- Developer: German Aerospace Center (DLR)
- Stable release: 10.2.2 / February 12, 2021; 5 years ago
- Written in: Java
- Operating system: Cross-platform
- Type: Integration platform, multi-purpose problem solving environment
- License: Eclipse Public License
- Website: www.rcenvironment.de%20rcenvironment.de
- Repository: github.com/rcenvironment/rce-main

= Remote component environment =

The Remote Component Environment (RCE) is an integration environment for scientists and engineers to analyze, design, and simulate complex systems (e.g., aircraft, satellites, and space vehicle). It focusses on the collaboration in multidisciplinary teams.
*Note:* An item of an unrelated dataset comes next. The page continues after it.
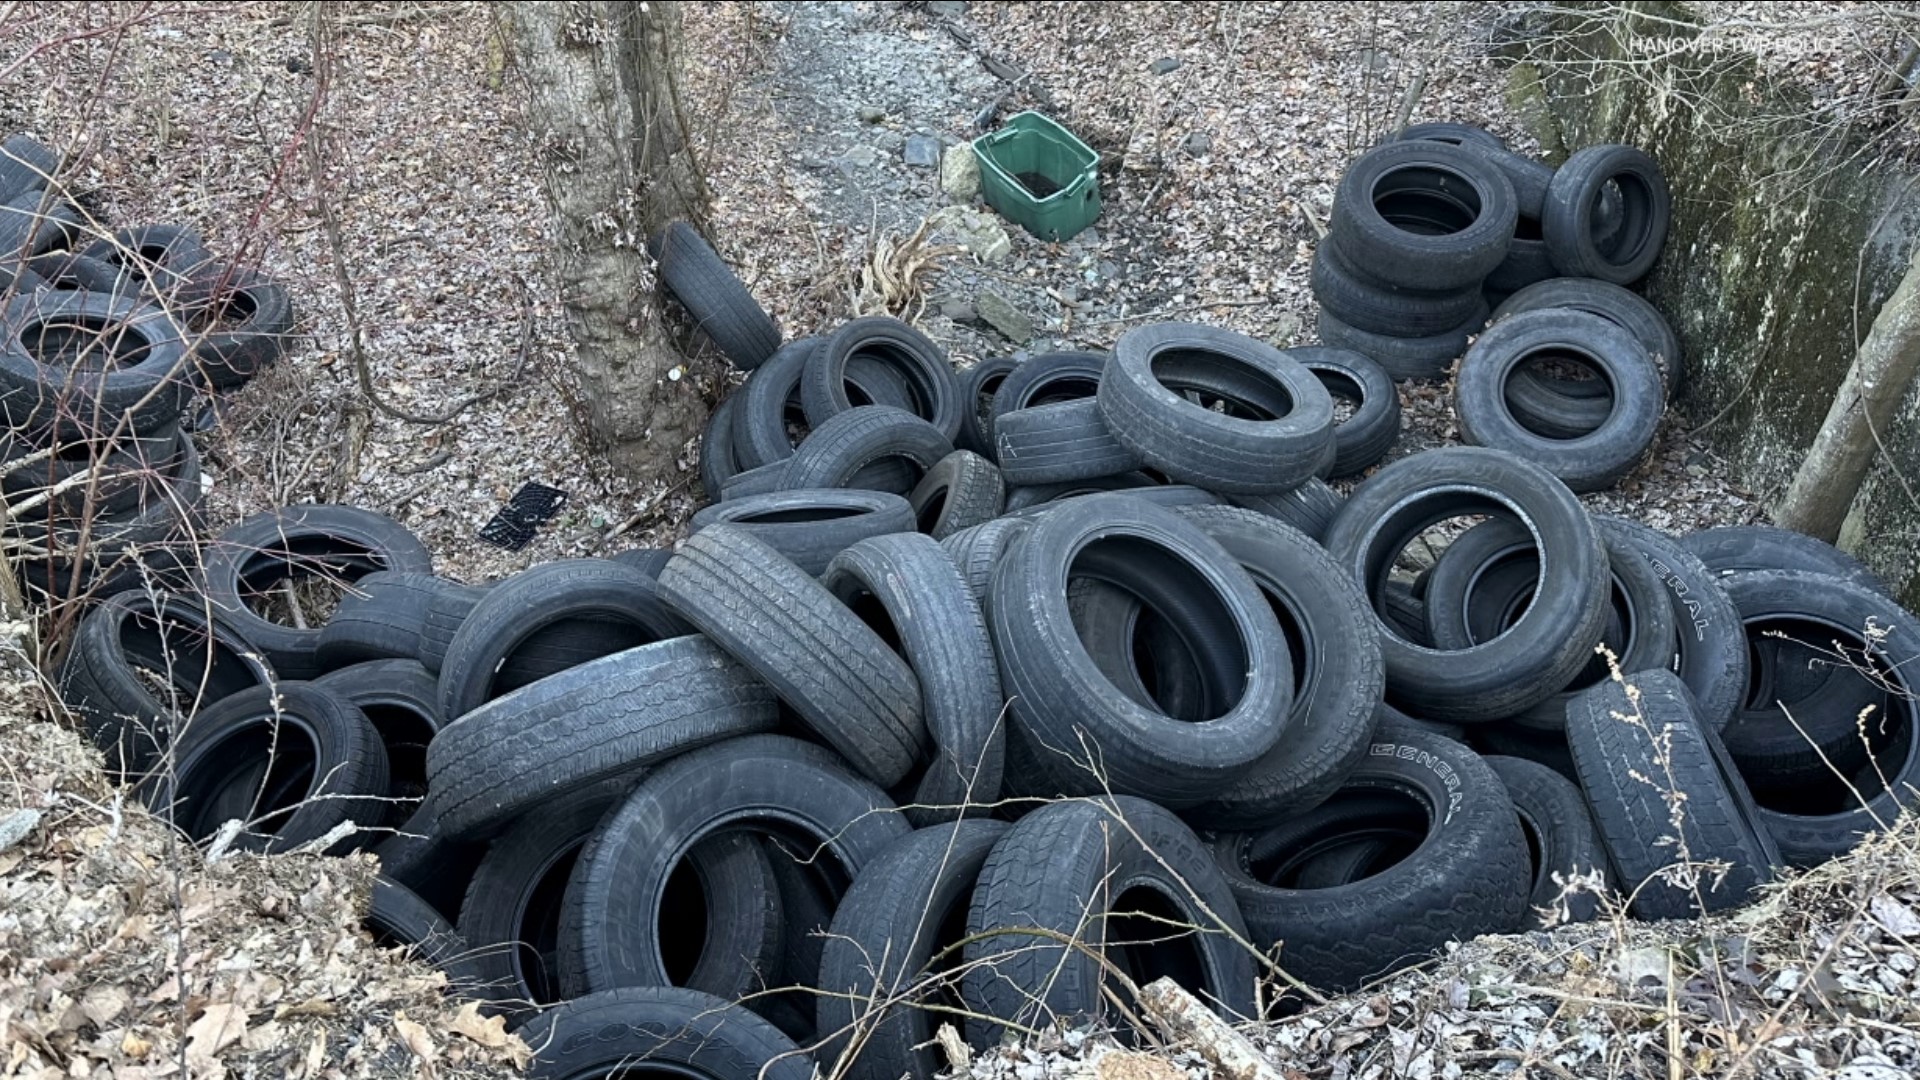 Police in Luzerne County are investigating after dozens of tires were dumped into a creek.

Treating complex systems requires many experts and several analysis, design, and simulation tools. In RCE, the tools are integrated and coupled to workflows. RCE executes the workflows and fetches the results from the involved tool servers. RCE is extensible and supports different scientific applications with slightly different requirements. RCE is built upon the Eclipse Rich Client Platform (RCP). It is open source and published under the Eclipse Public License (EPL).

Development of the RCE platform took place in the SESIS project.

Previously the platform was known by Reconfigurable Computing Environment. Since it has been open sourced the name changed to Remote Component Environment.